Игорь Максимович замер.

– Но-о… – недоверчиво протянул он. – Как же… вы?

– Девчонки помогли, одноклассницы, – тепло улыбнулся я, решив не упоминать Маринку. – Спасли наложением рук! Так что… «Подзарядили»! Месяца два маялся, даже царапину заживить не мог. А потом… – в памяти услужливо всплыли яркие воспоминания о «чистом цехе». – Встретился мне один интересный человек… Его мучил избыток энергии мозга, а меня – нехватка…

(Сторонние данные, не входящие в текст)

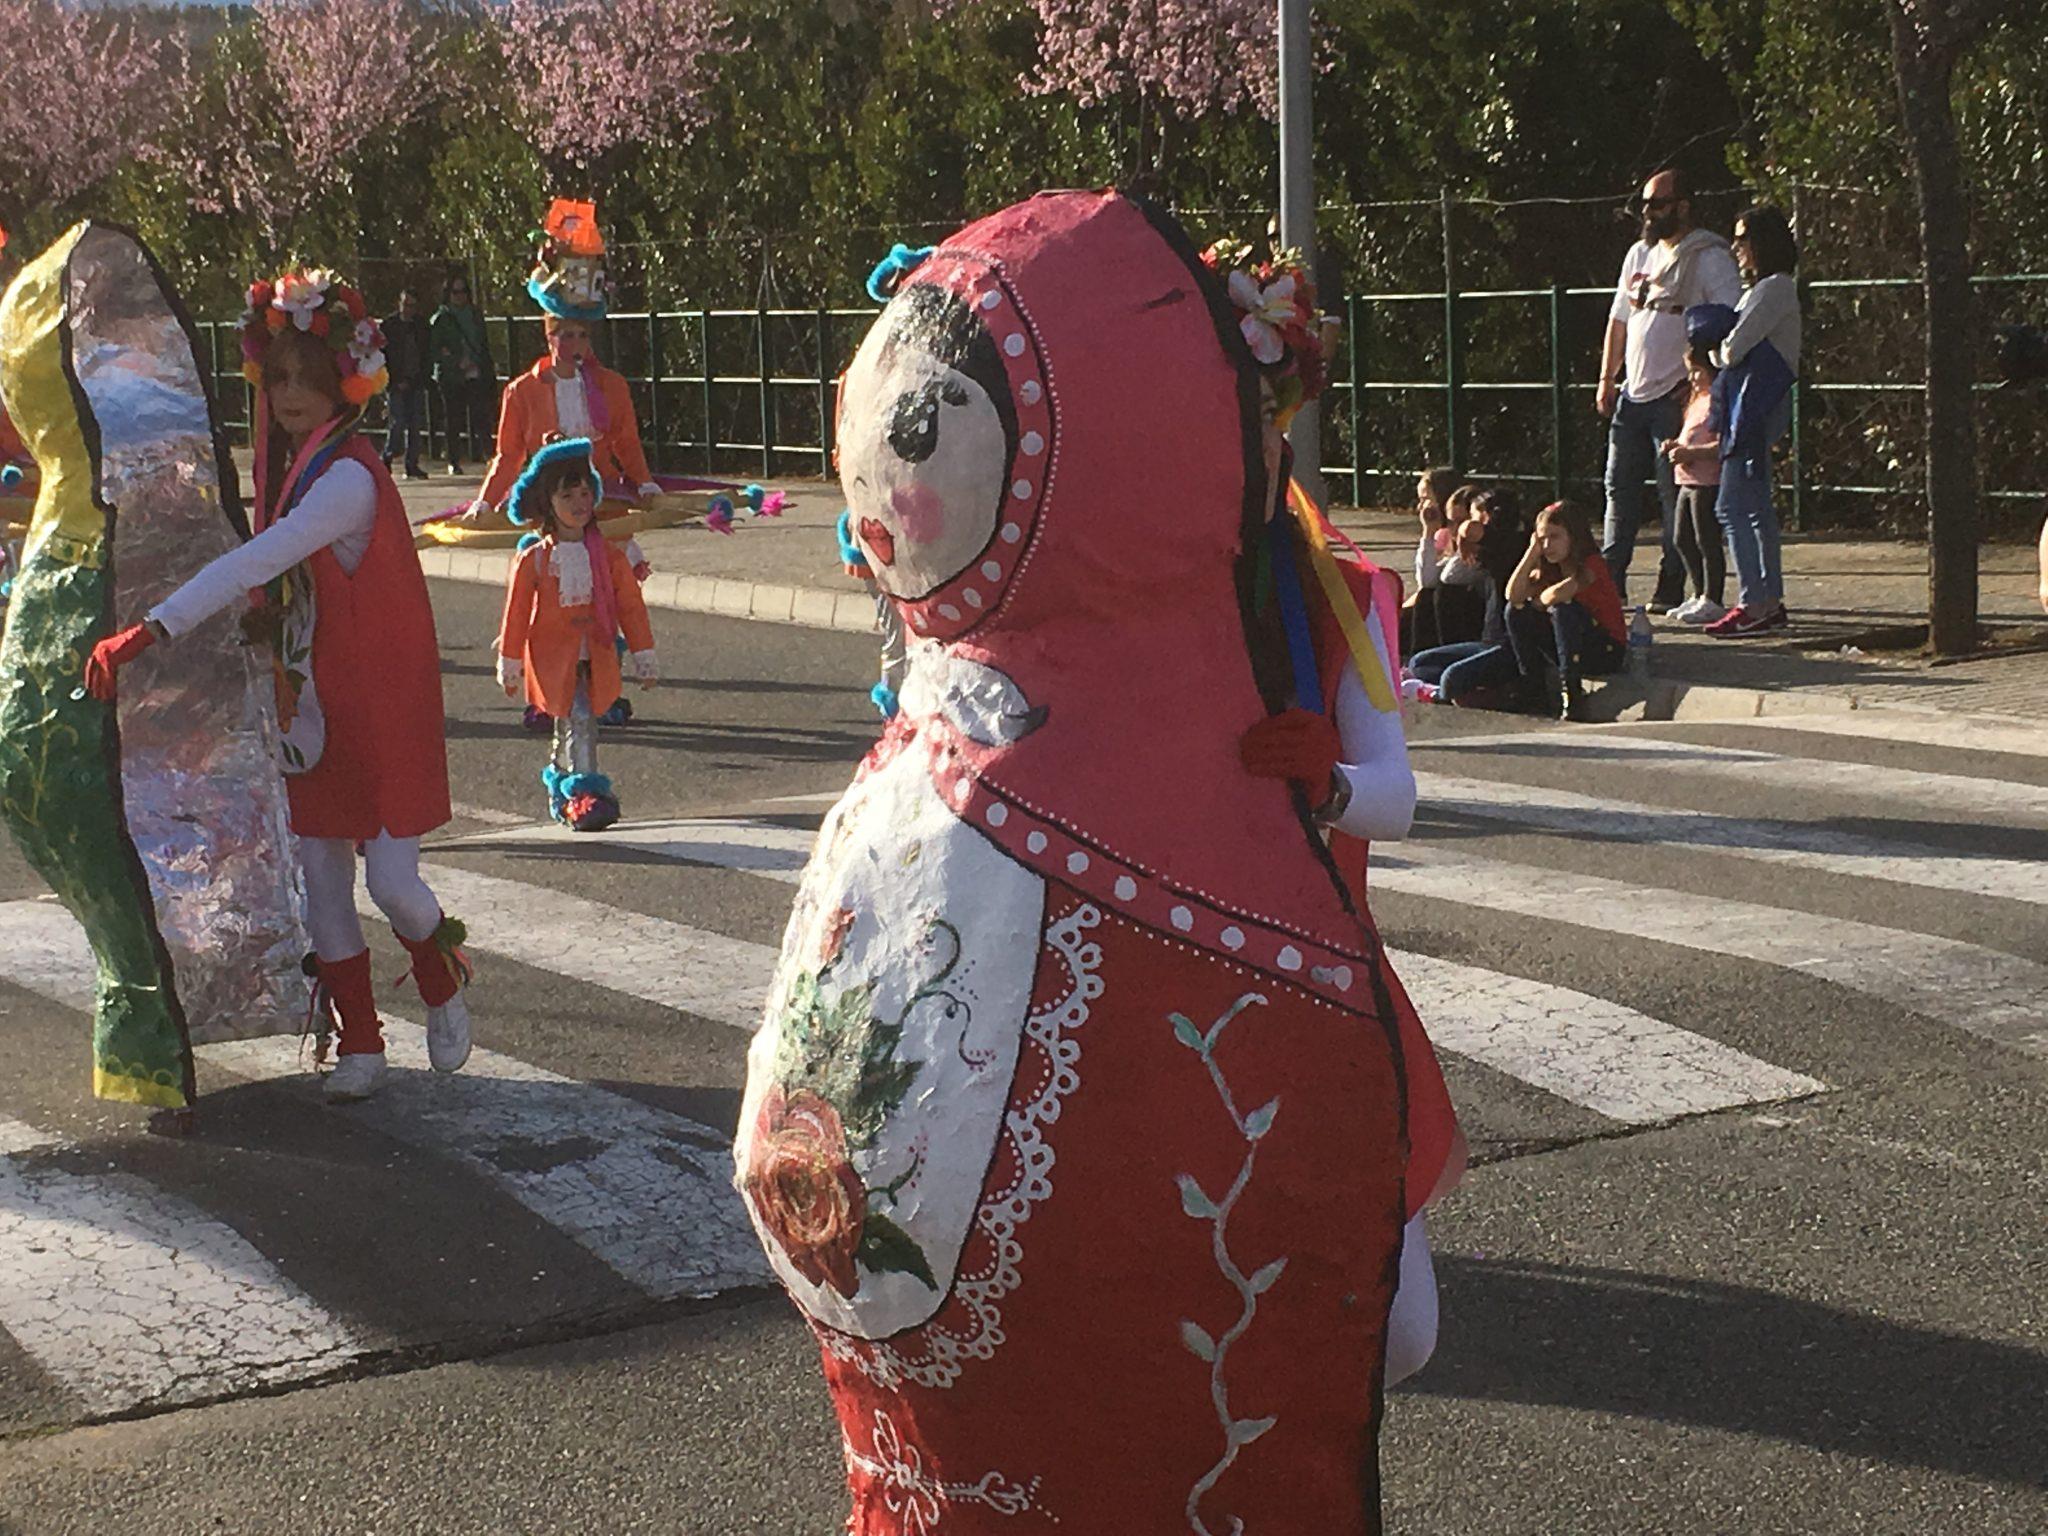 Desfile de Carnaval Cubillos del Sil 2019 - Álbum de fotos 10

– И вы с ним поменялись! – Котов радостно потер ладоши, и крякнул в доволе. – Вот теперь мне все понятно! А то, я уж думал… Ну, не важно. И что, много вам перепало?

– Даже слишком! – хмыкнул я. – Первый раз в жизни поднял предмет силою мысли! И не шесть спичек, а телефонную трубку. Потом даже в будущее заглядывал. На несколько минут, на полчаса…

– Ого… – уважительно затянул Игорь Максимович. – Это много. А сейчас как у вас с телекинезом?

Я поймал красный лист клена и положил к себе на ладонь. Напрягся, но резной листок даже не шелохнулся.

– Никак… И видения будущего меня уже полгода не посещали.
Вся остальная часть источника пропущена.